Покойная бабка, что с детства взяла девочку себе на воспитание, любила повторять, что гордость и достоинство – вот истинное продолжение ее внешней красоты. Поэтому, Полина не считала нужным пускаться во все тяжкие. Жила себе, надеясь, что суженый отыщется сам.
Характер у девушки сложился своеобразный. Она все, совершенно все подсунутые судьбой события сносила стойко, без удивления, ропота. Когда умерла мать, а на девушку накатило ощущение пустого равнодушия – ушла с головой в учебу, на похоронах пообещав небу, самой себе – не погрязнуть в отчаянии. Когда отец принялся гулять направо и налево – молча съехала из родительского дома, не желая видеть, как родитель попирает память покойной супруги.
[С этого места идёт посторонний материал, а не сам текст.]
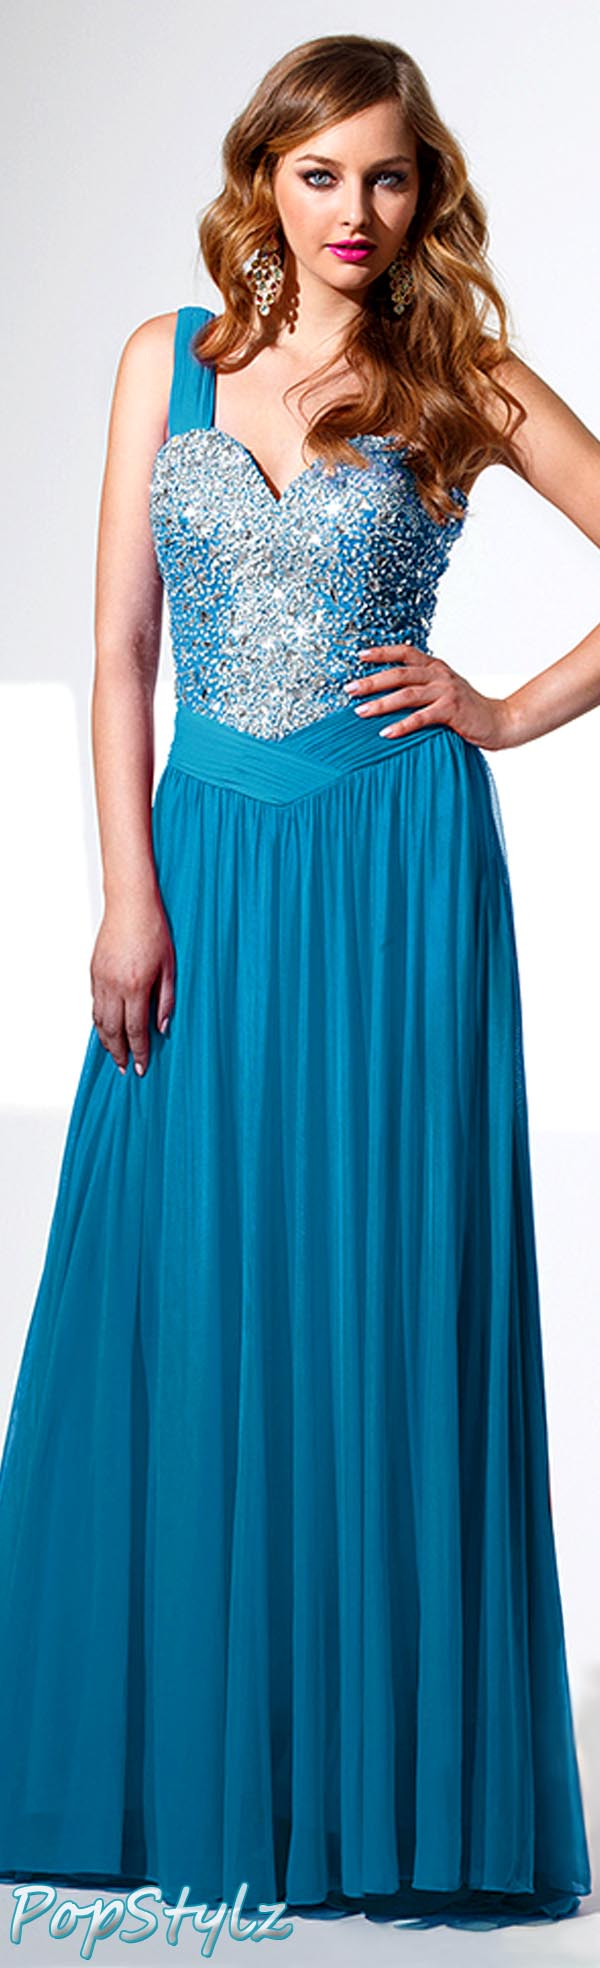 Terani P1504 Peacock Blue Gown

Полину вообще мало что могло напугать или вывести из равновесия, и эта черта порой удивляла ее саму. Бабка, глядя на внучку, по-царски кивала и приговаривала вслух, ни к кому конкретно не обращаясь: «голубых кровей девчонка, холодная, ледяная, как снежная королева».
Полина не считала себя королевой, скорее осознавала, что всего лишь начисто лишена чувства самосохранения. То опустошение, что появилось после известия о гибели матери так никуда и не делось – прижилось, забивая жизнелюбие и всякое стремление на лучшую жизнь.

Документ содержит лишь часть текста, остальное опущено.